WORK TASK:
Exactly the lines from the one containing "Gucci Black Signature" through the end of the data, and nothing more, should be retyped; pictures stay out.

DATA EXCERPT:
━━━━━━━━━━━━━━━━━━━━

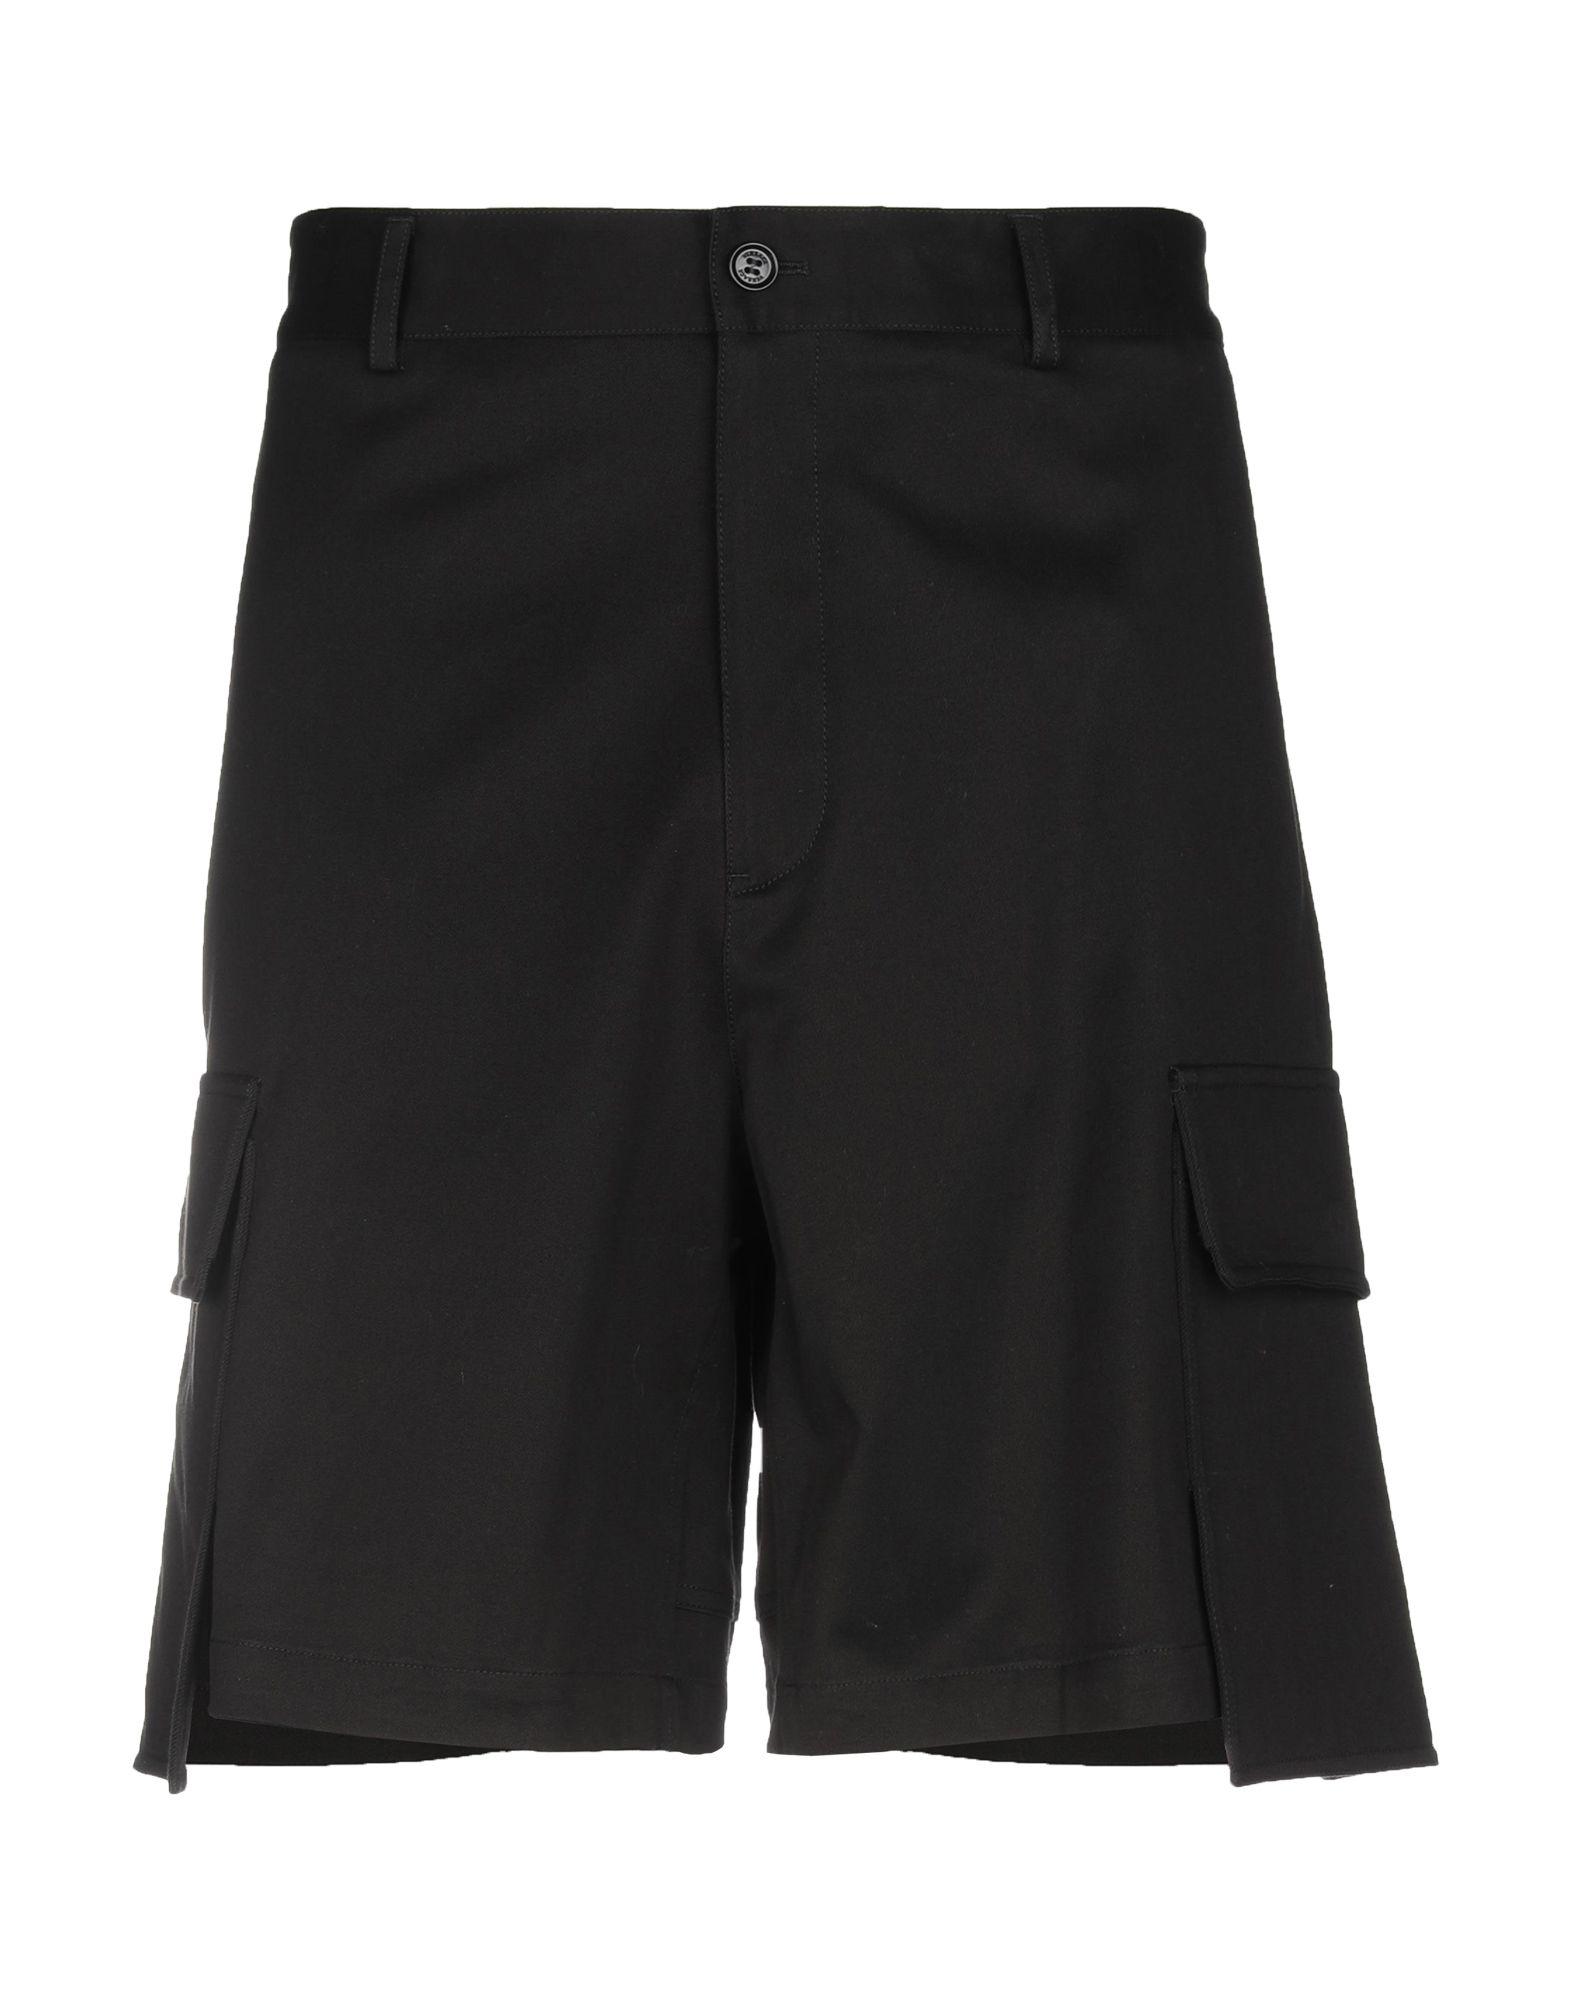 Versace Cotton Bermuda Shorts in Black for Men - Lyst
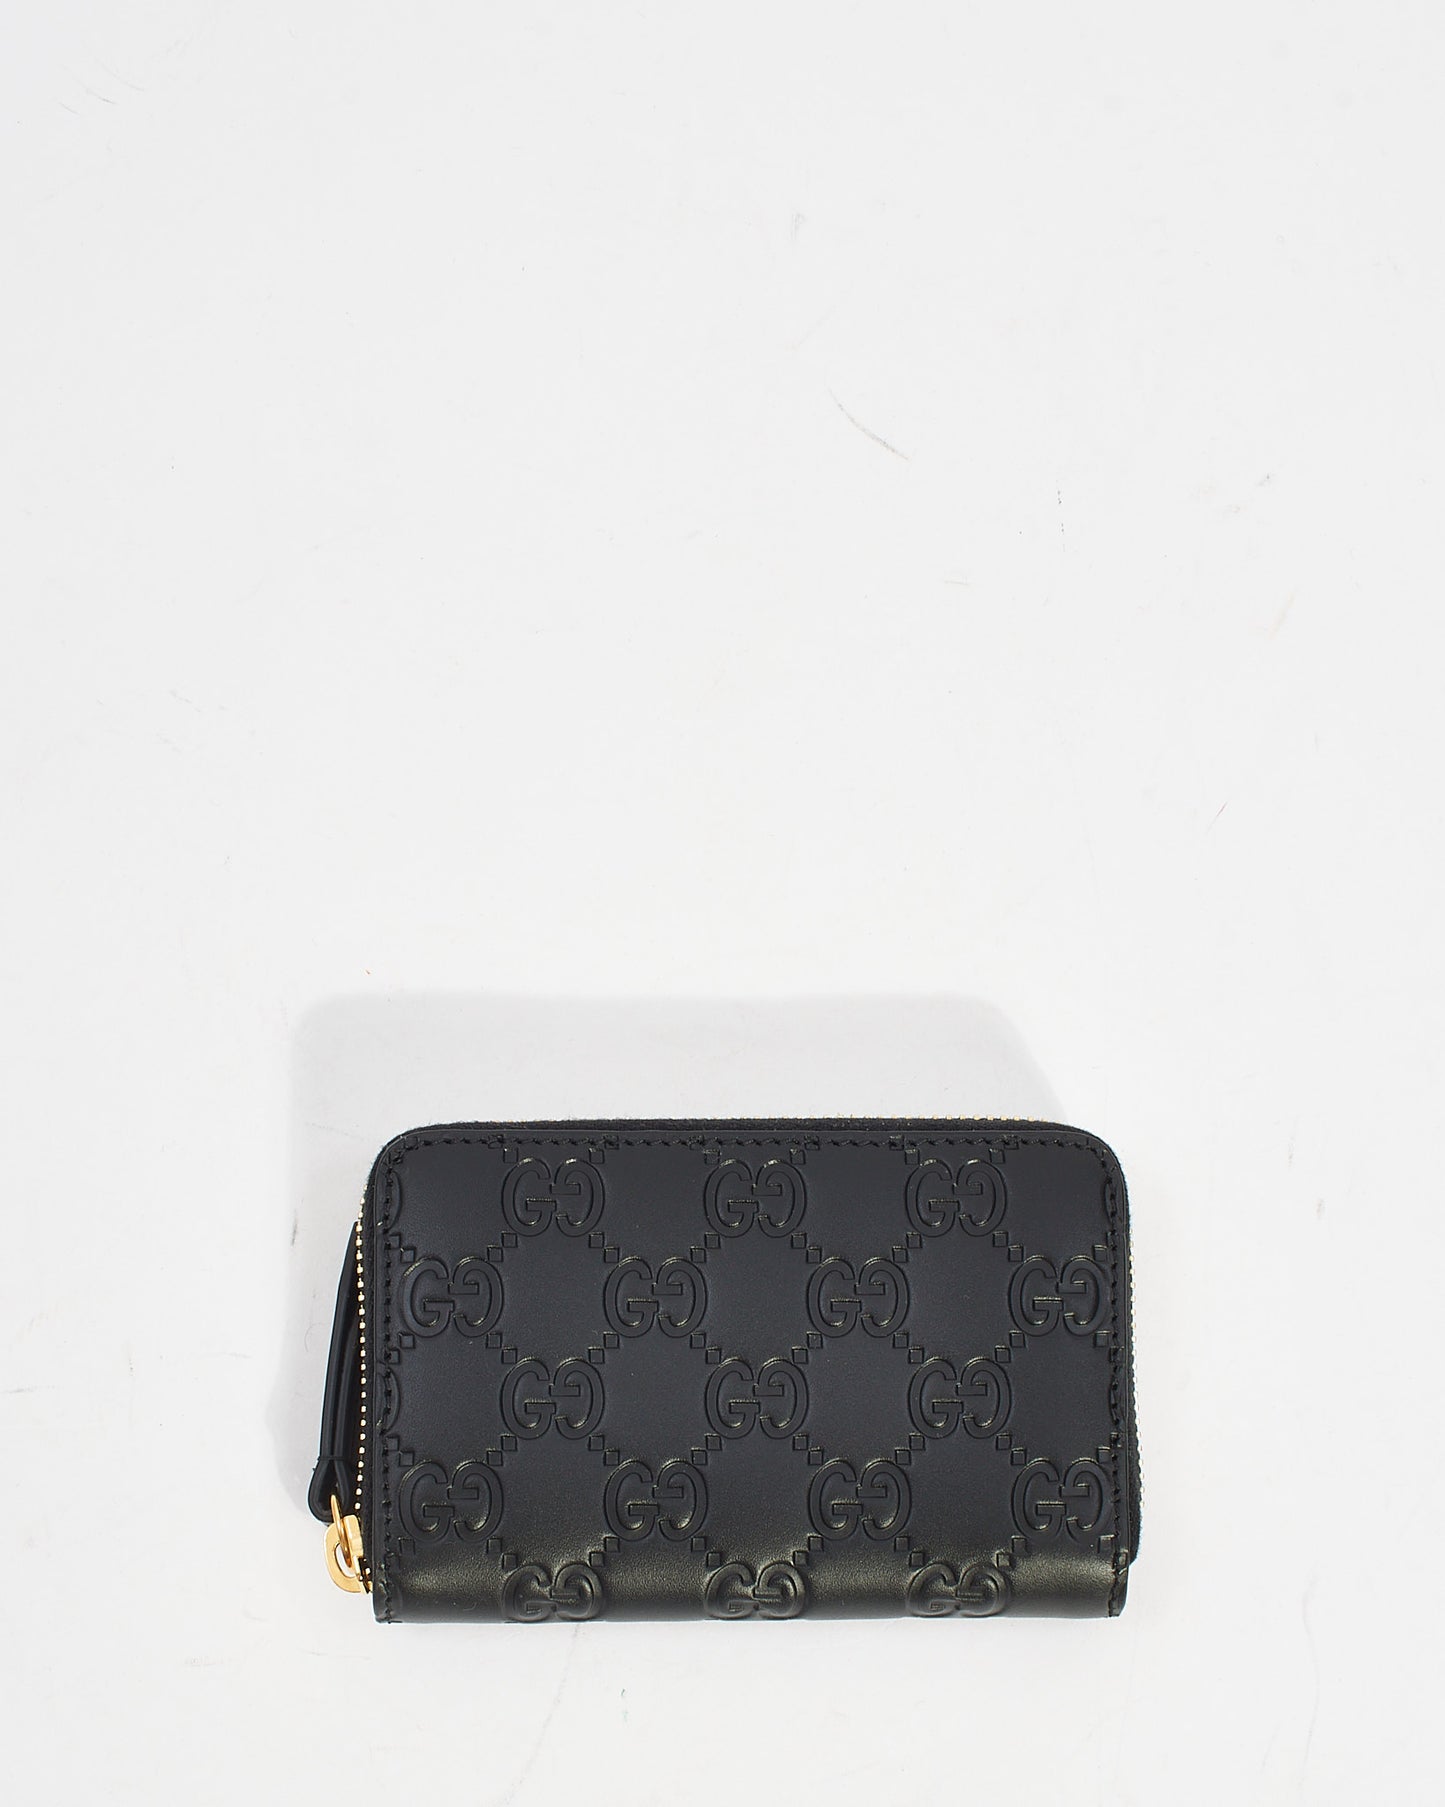 Gucci Black Signature G Leather Zippy Card Case Wallet
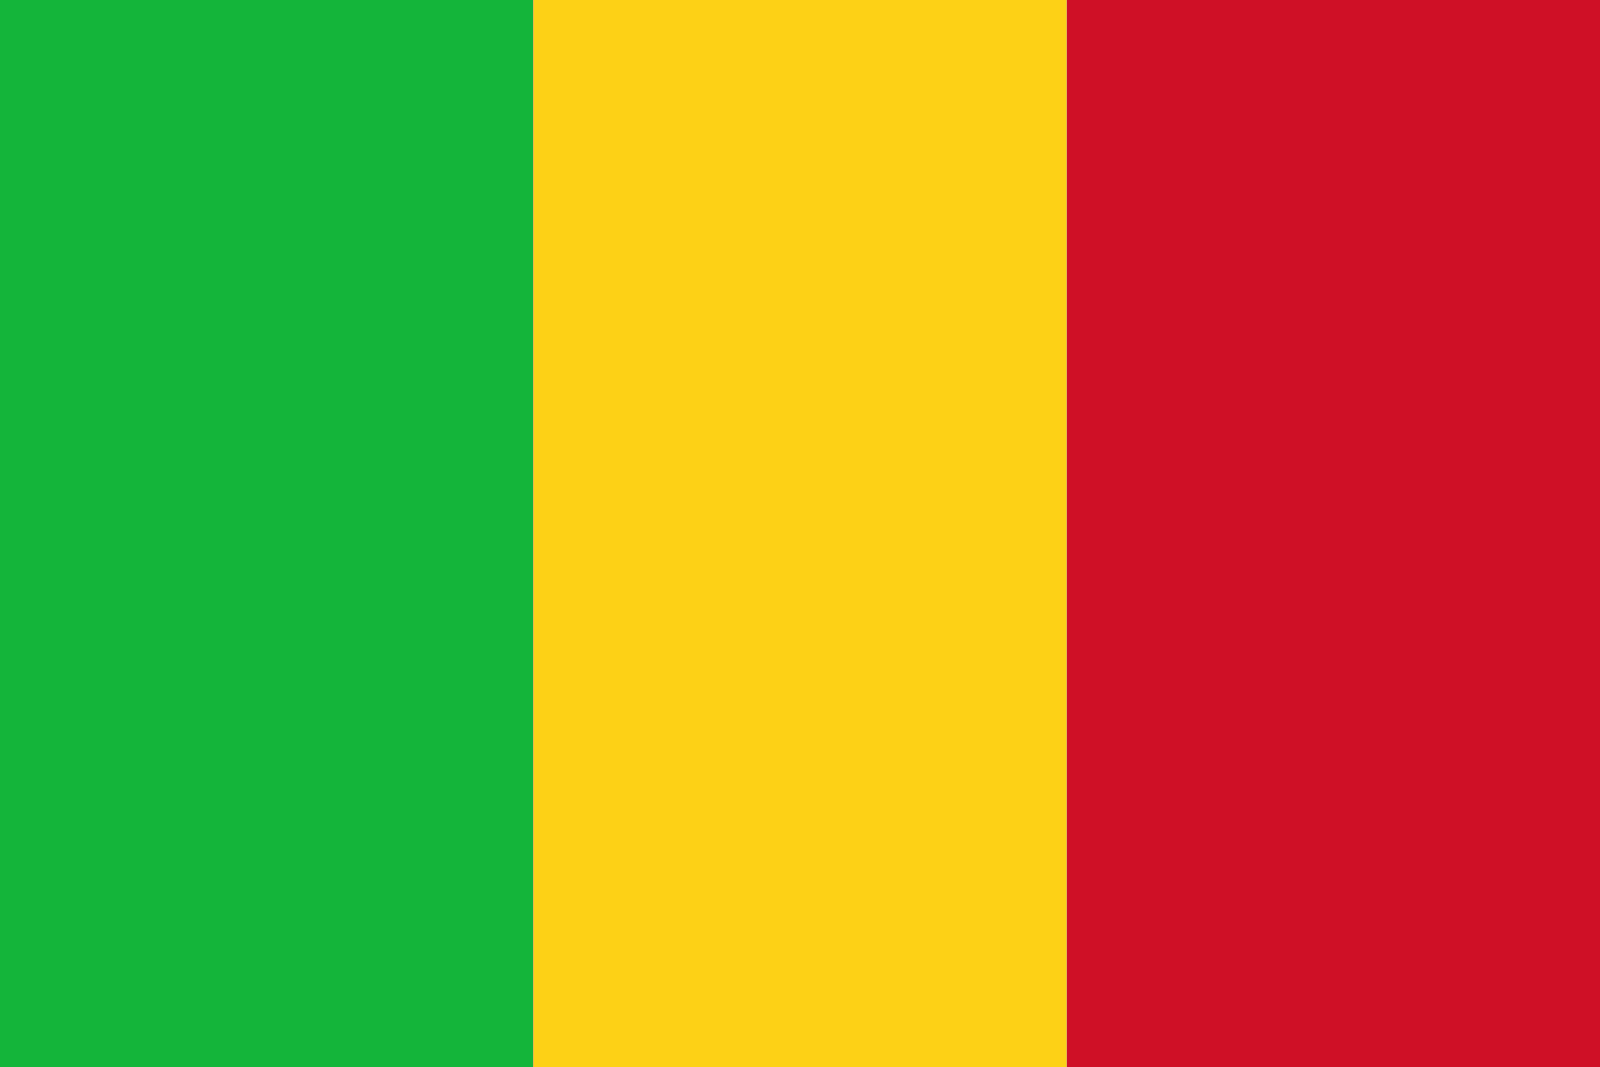 Malianske flag

━━━━━━━━━━━━━━━━━━━━

PROBLEM SOLUTION:
 Gucci Black Signature G Leather Zippy Card Case Wallet
 Malianske flag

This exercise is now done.